# SRAM 10 speed chain



## theWdotY (Jun 10, 2003)

Hey,

I just bought a SRAM 10 speed chain with the Power Lock. However, when I put the chain on I am having real difficulty locking the chain together. I am left with about 2-3mm gap. Anyone have any suggestions on closing this? I've had a SRAM chain before and didn't have a problem opening and closing the removable pins.

Cheers


----------



## ultimobici (Jul 16, 2005)

theWdotY said:


> Hey,
> 
> I just bought a SRAM 10 speed chain with the Power Lock.

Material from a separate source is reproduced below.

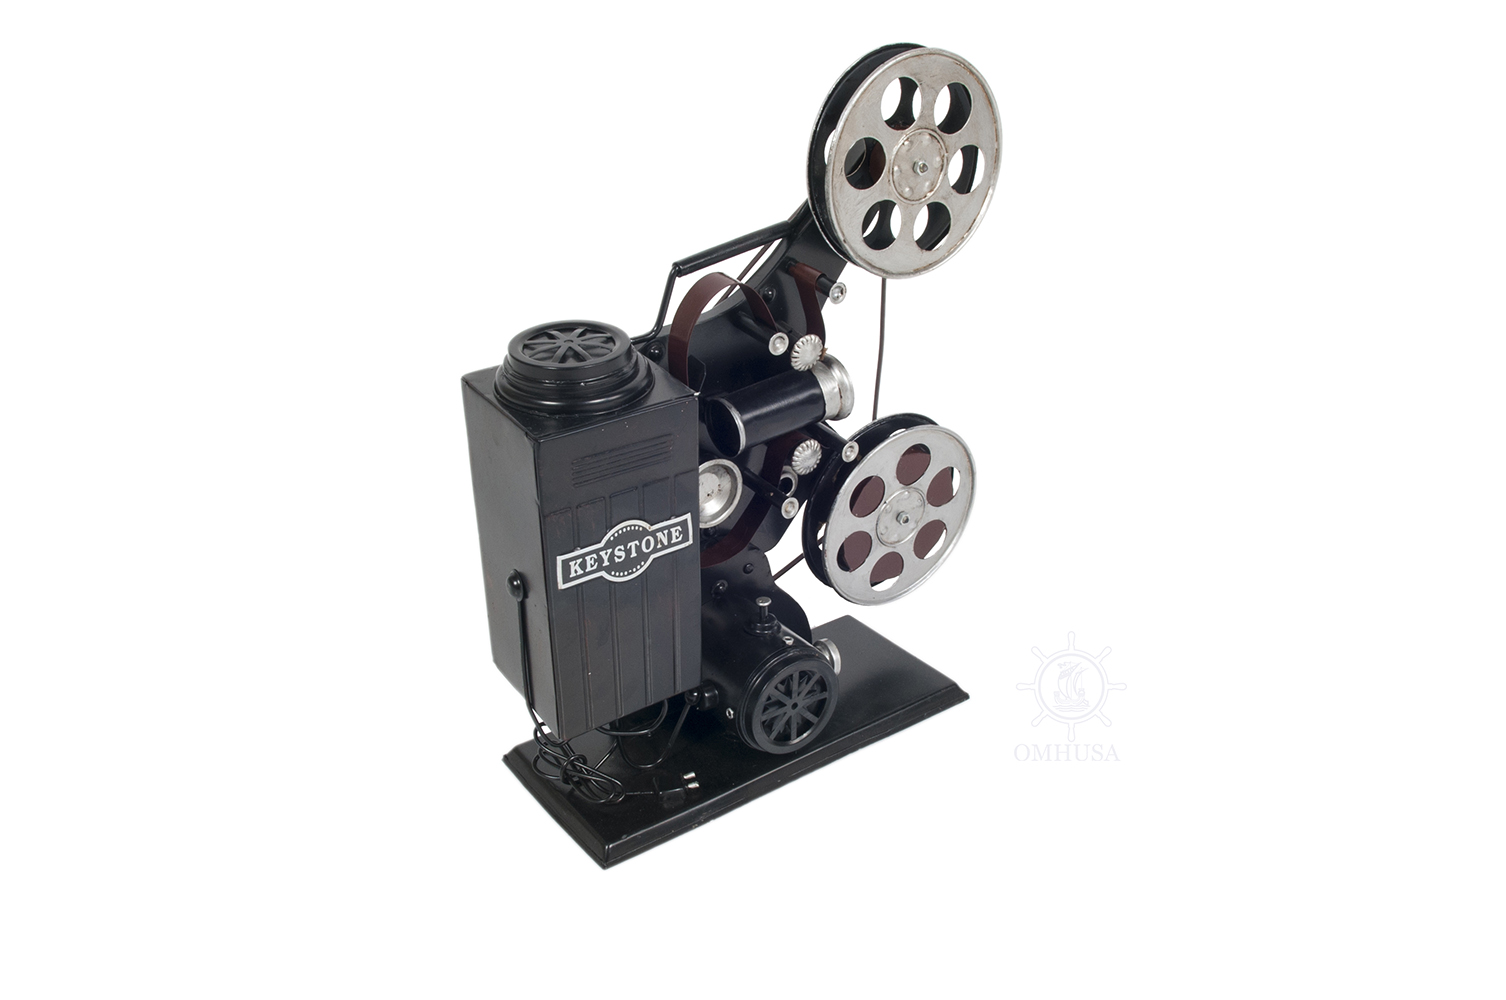 AJ105 1930s Keystone 8mm Film Projector Model R-8 Display-Only aj105-1930s-keystone-8mm-film-projector-model-r8-displayonly-l01.jpg

However, when I put the chain on I am having real difficulty locking the chain together. I am left with about 2-3mm gap. Anyone have any suggestions on closing this? I've had a SRAM chain before and didn't have a problem opening and closing the removable pins.
> 
> Cheers


Connect Power Link, then back pedal the cran until the link is in the top run of the chain. Hold the rear wheel still and push down on the pedals. Link will click into place.

In the instructions!


----------



## Retro Grouch (Apr 30, 2002)

The Power Lock should snap shut once you get on the bike and start to pedal. Of course, I would go slow and let it works its way into place. 

As for me, I ditched the Power Lock on my SRAM chain and opted to replace it with a removable KMC Missing Link connector to have the abilty to remove and clean the chain off the bike. I did a 70 mile ride on Sunday and had no issues with the KMC connector making noise or coming loose.


----------



## theWdotY (Jun 10, 2003)

Alright cool, thanks!


----------



## Chris S. (Aug 31, 2007)

Yes, it does install once you put link at top of ring and pedal. BUT, why bother, the chain is NOISEY!...a KMC chain is such a better piece of machinery. I suspect a Dura-Ace chain would improve the system and cost much less. I am gonna try that and get back with ya'll.


----------